Jonathan W.’s right: I don’t believe our country is a “proposition nation,” and that it can admit any number of alien elements without falling apart. Nonetheless, it’s absurd to think our Founders wouldn’t have given First Amendment protection to Muslims. Naturally, it’s hard to find good information on early Americans’ views of Islam, but what we do have, like the 1796 treaty with the Barbary states, suggests a rather benevolent attitude towards it:

“As the government of the United States of America is not in any sense founded on the Christian Religion,-as it has in itself no character of enmity against the laws, religion or tranquillity of Musselmen,-and as the said States never have entered into any war or act of hostility against any Mehomitan nation, it is declared by the parties that no pretext arising from religious opinions shall ever produce an interruption of the harmony existing between the two countries.” [emphasis mine] [LA replies: That treaty with the Barbary states was made to settle a war, and the bit about not being founded on the Christian religion (which is literally true in reference to our national government, though not true of America as a society), was done to appease the Barbary states.

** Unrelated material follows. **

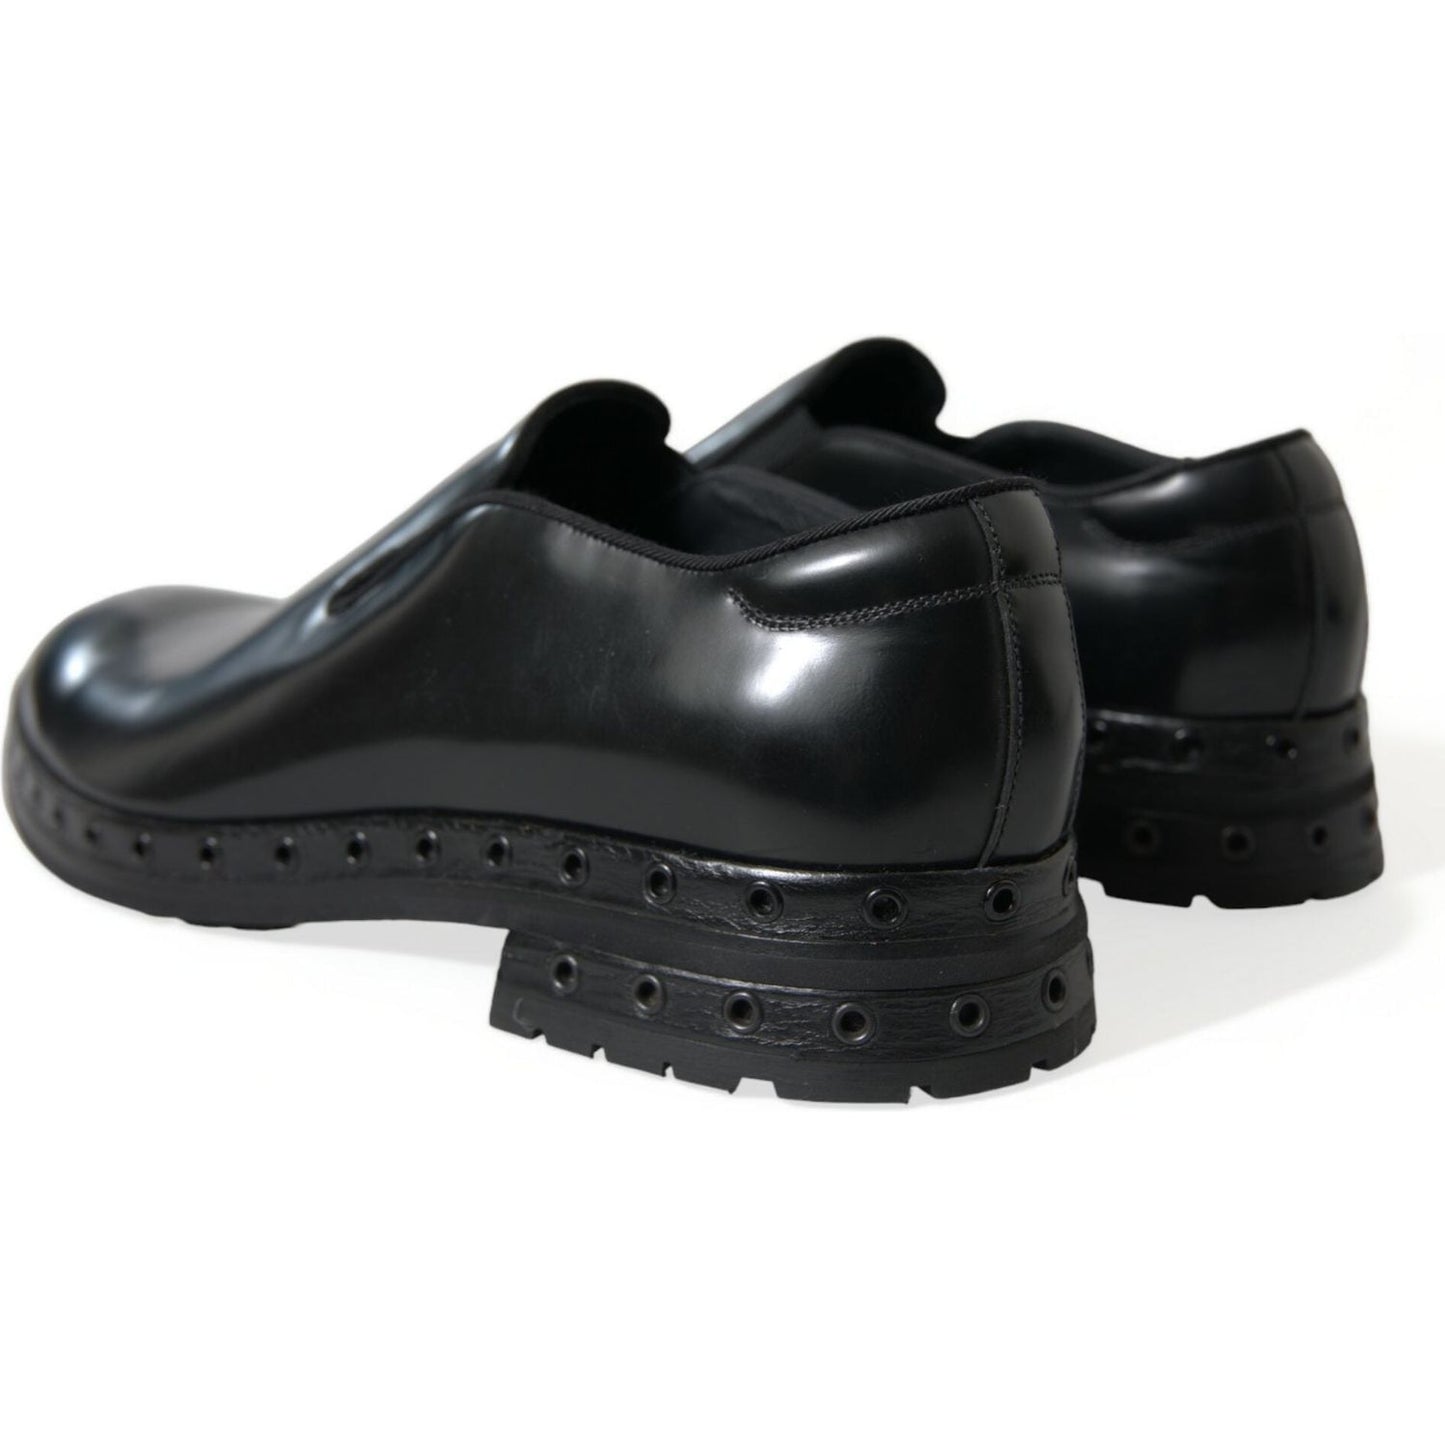 Dolce & Gabbana | Elegant Black Leather Studded Loafers| McRichard Designer Brands   

It was not written in the context of Muslims living in America. This was something that had never been thought of. I think if any Muslims came to America the problem would have been solved by making them leave, not by changing the First Amendment.]

One side note, Jonathan W.: why did you slip Hinduism in there? What about it suggests it is “completely incompatible with our civilization”? Hindus make up a tiny fraction of our population—about the same as Jews—and, like Jews, are among the wealthiest, best educated, and most law-abiding folks we have here.

LA replies:

“Making some religious or political writings illegal is not departing from our historical traditions; it is assaulting them.”

The whole point of a constitutional amendment is that it is NOT assaulting our traditions, because it is ONLY affecting Islam. The amendment is purely Islam specific, with no potential to leak into other areas. And it is Islam specific because Islam is sui generis and a unique threat and must be treated in a unique manner. It is by taking away rights from Islam in this country that we preserve all other rights.

Your repeated comparisons of Islam to Communism are not apt, as I pointed out above. Islam must be understood on its own terms, not compared to other things from which it is fundamentally different.

Ironically, you are more hung up on some imaginary threat to our traditions than you are alarmed by a real threat to our traditions and to our very existence.

In any case, the determined resistance that you are showing to the more moderate of my two possible constitutional amendments, declaring Islam not a religion for the purposes of the First Amendment, because you oppose designating Islam as a political movement rather than a religion, makes me think that my more radical proposed amendment, which would ban the practice of Islam in the United States altogether, will ultimately prove to the be only way to go.

You may think my ideas are too extreme for America. But if we allow Islam to continue to gain in numbers and power, we will find ourselves in a far more extreme situation, Do you want the Islam problem settled lawfully and non-violently, as I propose, or do you want to let the situation develop to the point of civil war, when any lawful and non-violent resolution will be impossible? As an attendee at my talk last weekend said to me afterward, my position is the moderate position.

I think we’ve gone back and forth enough on this.